(Beginning of Given entries)

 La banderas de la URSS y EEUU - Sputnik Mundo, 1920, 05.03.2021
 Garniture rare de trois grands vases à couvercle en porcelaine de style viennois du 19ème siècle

(End of Given entries)
(Beginning of Given entries)

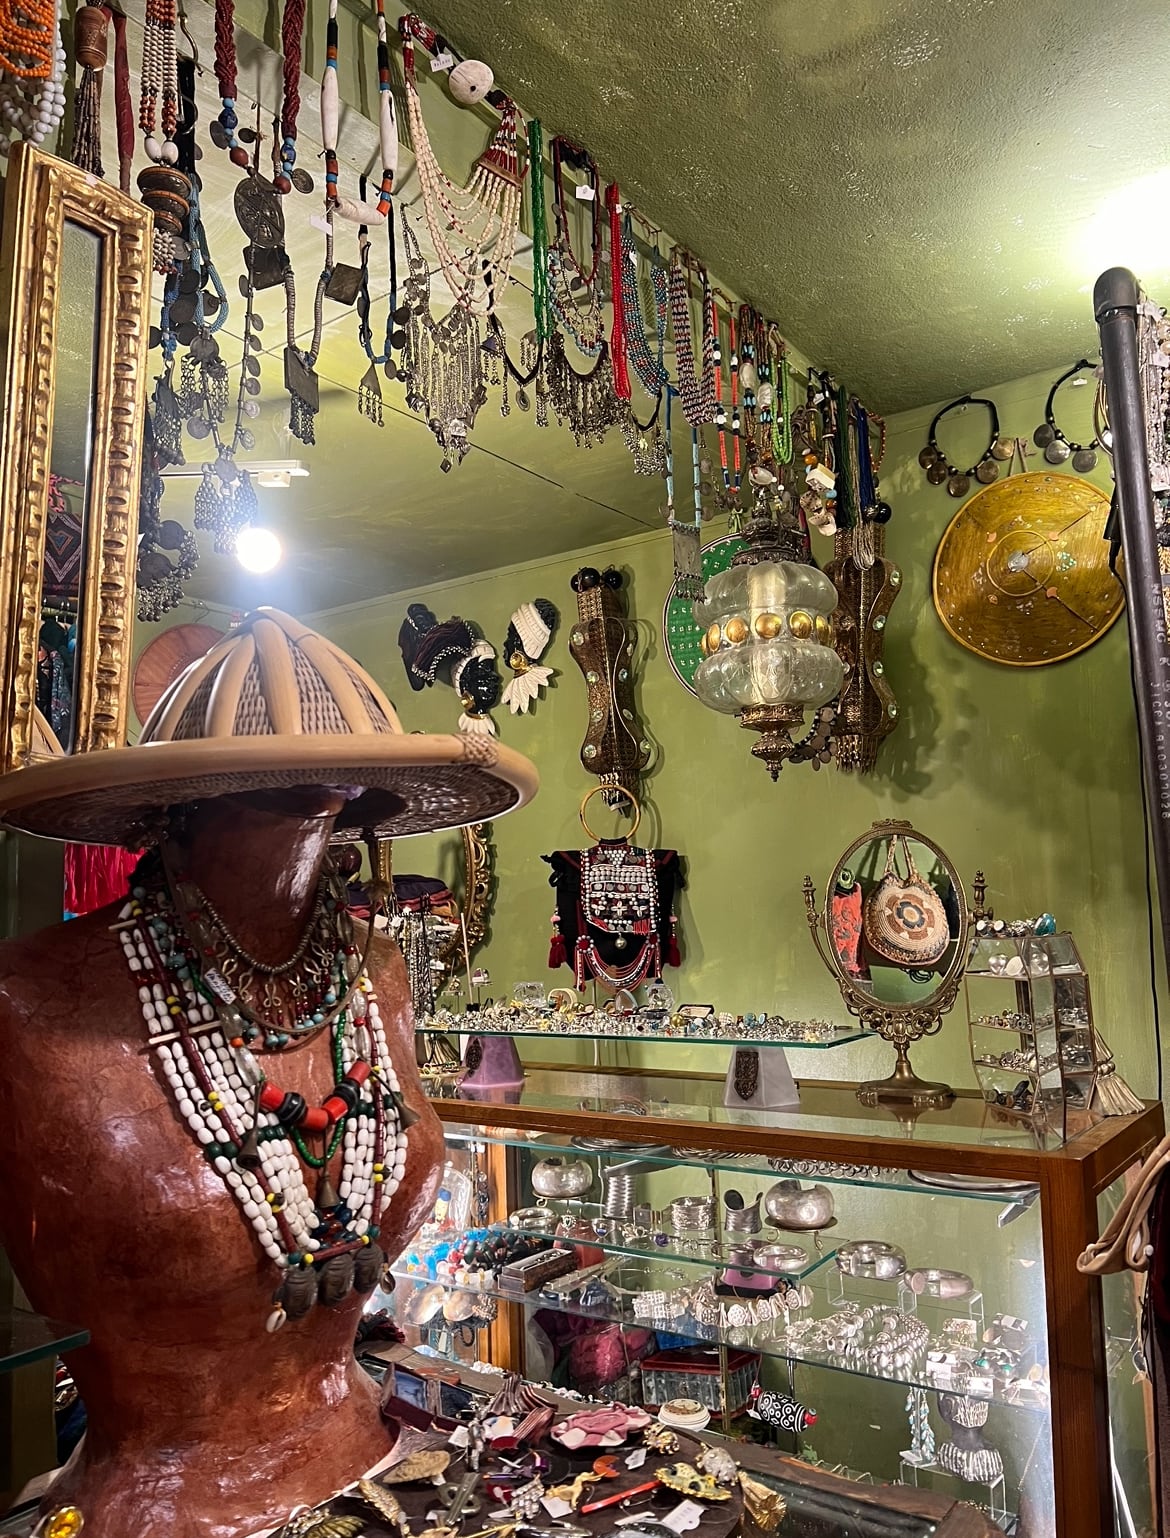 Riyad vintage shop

(End of Given entries)

Assignment: Proceeding from the line containing "La banderas de" through the line containing "Garniture rare de", transcribe the lines above exactly, both end lines included.

Result:
 La banderas de la URSS y EEUU - Sputnik Mundo, 1920, 05.03.2021
 Garniture rare de trois grands vases à couvercle en porcelaine de style viennois du 19ème siècle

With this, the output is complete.